Del Rey is just as conscious of
her contradictions as her critics are.

Wealth and material goods frequently make appearances in Del Rey’s lyrics, as she often vacillates from this material obsession to the simplicity of pure human love (a particular line from “Blue Jeans” comes to mind: “We don’t need no money / we can make it all work.”) Del Rey constantly struggles with this battle and tends to contradict herself as she travels through her albums.

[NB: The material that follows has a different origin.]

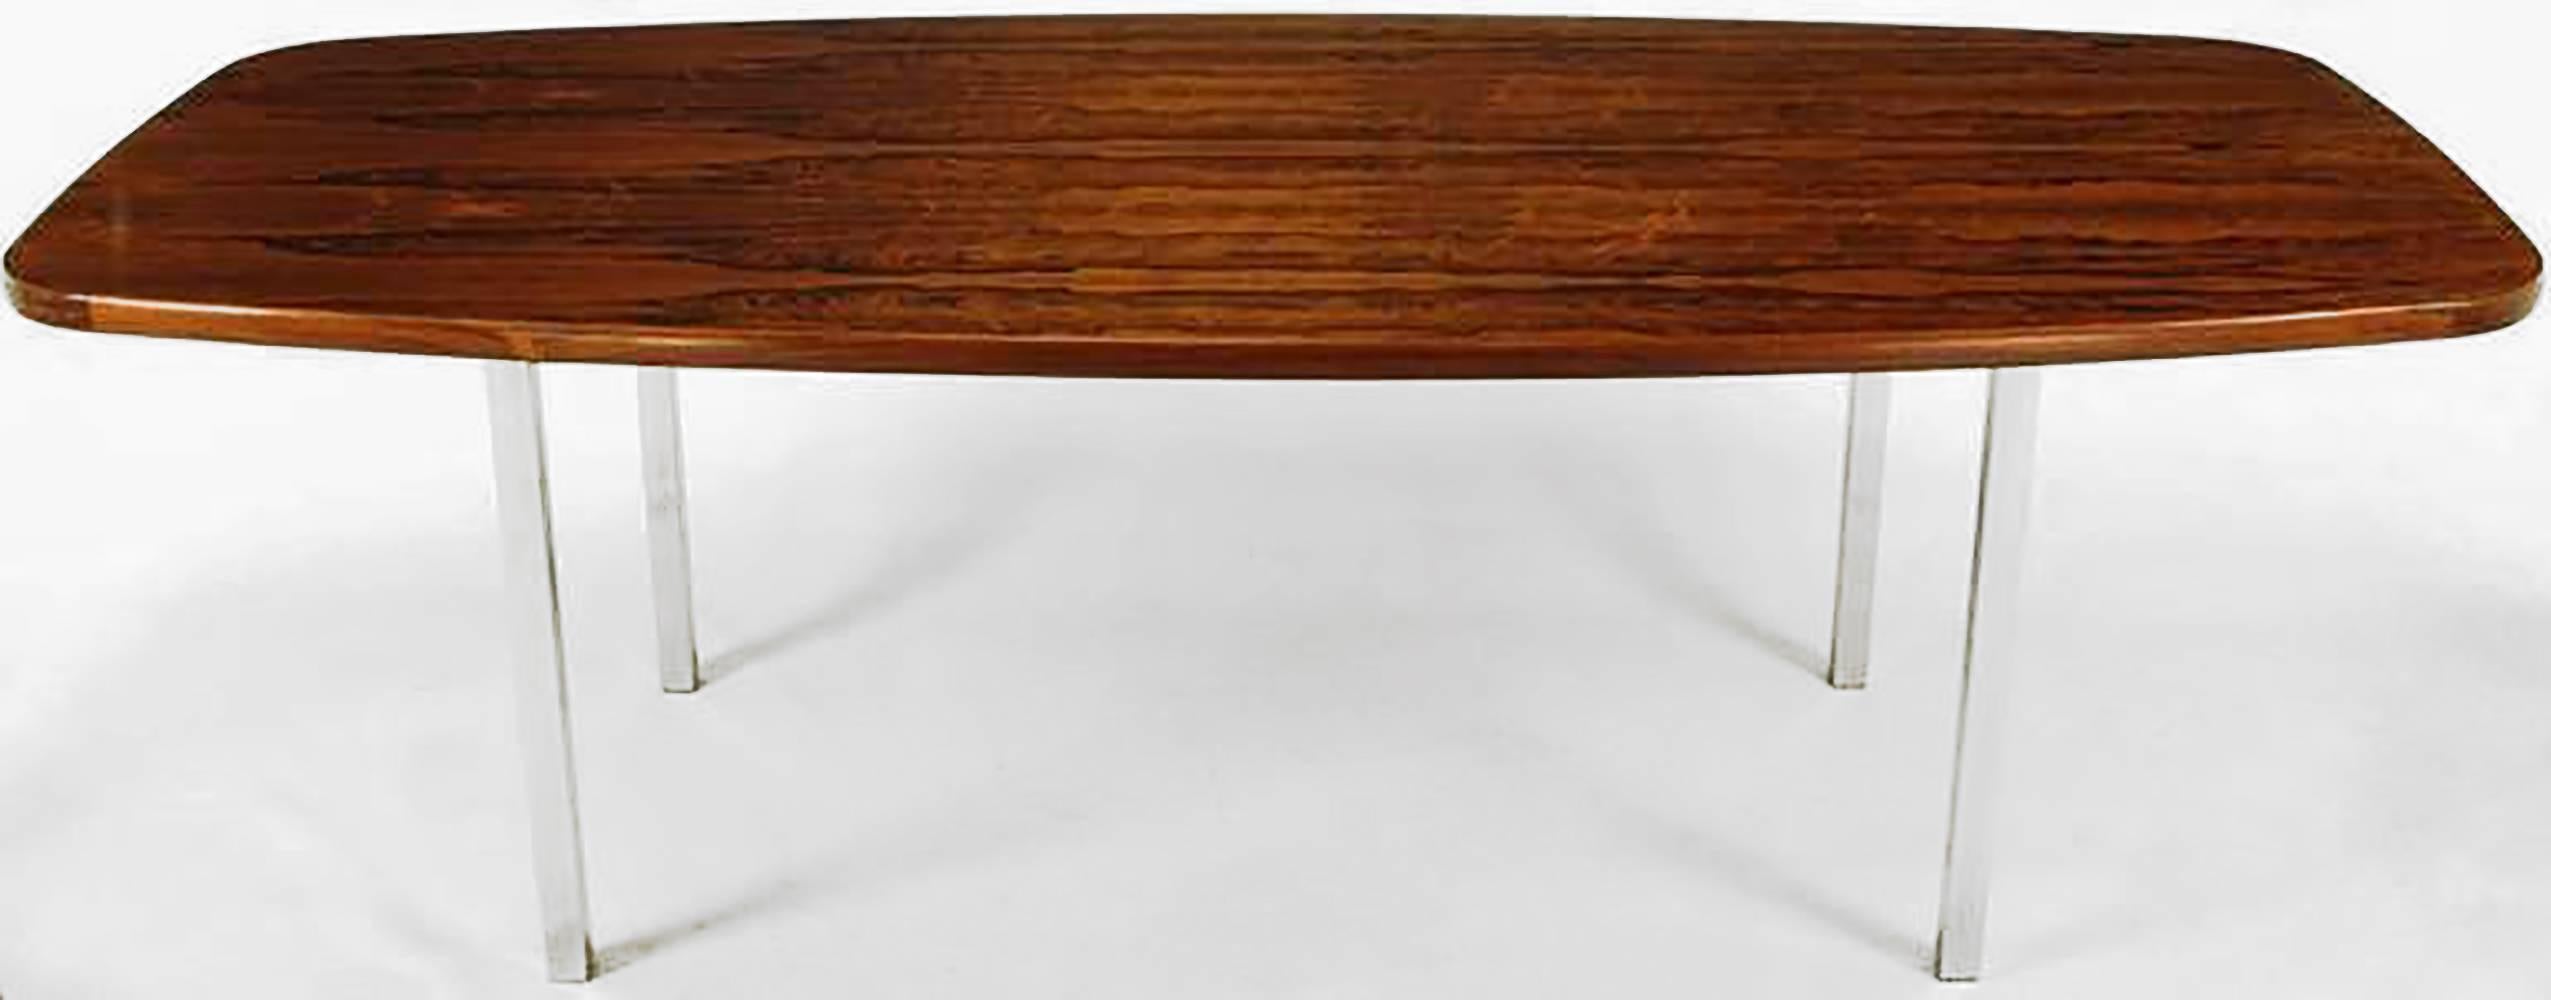 Dunbar Esstisch aus Palisanderholz mit quadratischen Beinen aus poliertem Edelstahl. Er würde sich auch hervorragend als großer Schreibtisch oder kleiner Konferenztisch eignen. Hat eine maßgeschneiderte Glasplatte, die auf Wunsch über das Holz

Make no mistake, though: she’s just as conscious of this contradiction as her critics are. It’s all a part of the “war in her mind,” and its complicated appearances in her lyrics are what make Paradise such a fascinating EP.  Here, too, we find another link between the tragic vocalist and her literary inspiration: In “Song of Myself,” a poem from the same collection (Leaves of Grass) that gave us “I Sing the Body Electric,” Whitman famously wrote: “Do I contradict myself? / Very well then, I contradict myself / I am large, I contain multitudes.”

Ultimately, Paradise triumphs, not in spite of its contradictions, but largely because of them. The EP is an emotional rollercoaster that, quite starkly, explores the addictive relationships (both romantic and material) that, in many cases, we’d rather not discuss publicly. Del Rey’s vision might not be a traditional view of Paradise, but rather one that reflects an artist who is familiar with and who, at times, embraces her inner demons. Paradise, for Del Rey, is true love, no matter how tragic and lethal it may be.